4 circles showing headshots of faculty award recipients
Kansas NSF EPSCoR announces four First Awards for assistant professors from Emporia State University, Kansas State University, and Wichita State University.

These seed grants are designed to help early-career faculty initiate novel research related to the ARISE project while also building grant writing skills. Each award of up to $50,000 supports a year of research and education efforts.

Award recipients plan to use the funding to study a range of compelling research topics that are relevant to Kansans, including advances in lithium-ion battery technology, data literacy, drought forecasting, and novel tools to strengthen security of critical infrastructure.

Fall 2023 First Award Recipients

“LLM4KSS: Large-language Models for Kansas Science,” by Xiaolong Guo, Assistant Professor, Electrical and Computer Engineering, Kansas State University

“Data Literacy for All: A Kansas Public Library Initiative,” by Amanda Hovious, Assistant Professor, School of Library and Information Management, Emporia State University

“The use of Radar technology and AI techniques to forecast early-stage drought in Kansas,” by Zelalem Demissie, Assistant Professor, Department of Geology, Wichita State University

“Physics-informed machine learning model for assessment of state of health of lithium-ion batteries used in resilient infrastructure applications,” by Davi Soares, Assistant Professor, Electrical and Computer Engineering, Wichita State University

Kansas map with icons on 6 cities where the 170 total recipients are located

A long history

Since launching in 1992, Kansas NSF EPSCoR has invested in 170 assistant professors with its First Award program. Awardees hail from six universities in Kansas. Many have gone on to win prestigious federal grants and achieve national recognition—two key metrics of the program’s success at building lasting research capacity in Kansas.
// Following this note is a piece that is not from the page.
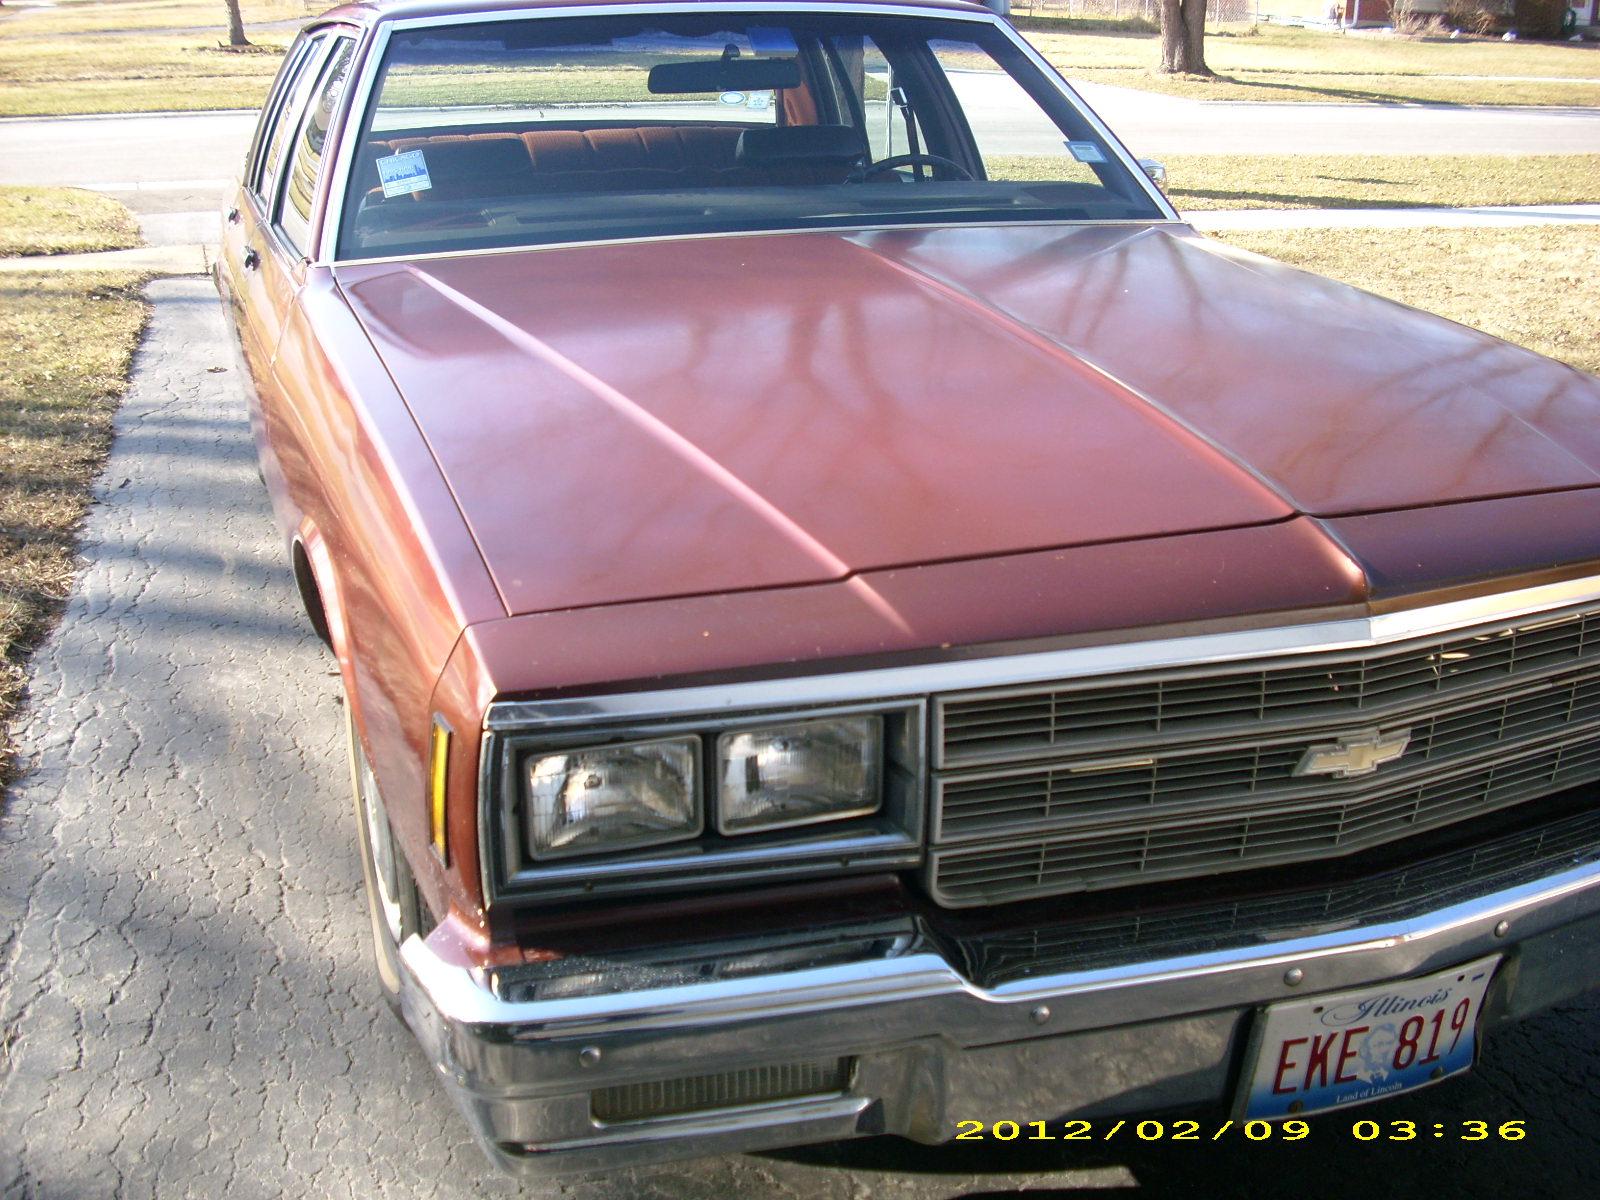 1982 Chevrolet Impala

Funding for the 2023 First Awards comes from the ARISE project, which stands for “Adaptive and Resilient Infrastructures driven by Social Equity.” The U.S. National Science Foundation (NSF) Established Program to Stimulate Competitive Research (EPSCoR) launched the five-year ARISE project in 2022 with co-funding from the Kansas Board of Regents.

NSF EPSCoR spurs innovation and workforce development in traditionally underfunded regions of the country—like Kansas. For every dollar it invests, the State gets back more than double that amount in non-EPSCoR funding, which helps build capacity at dozens of universities and colleges in the state.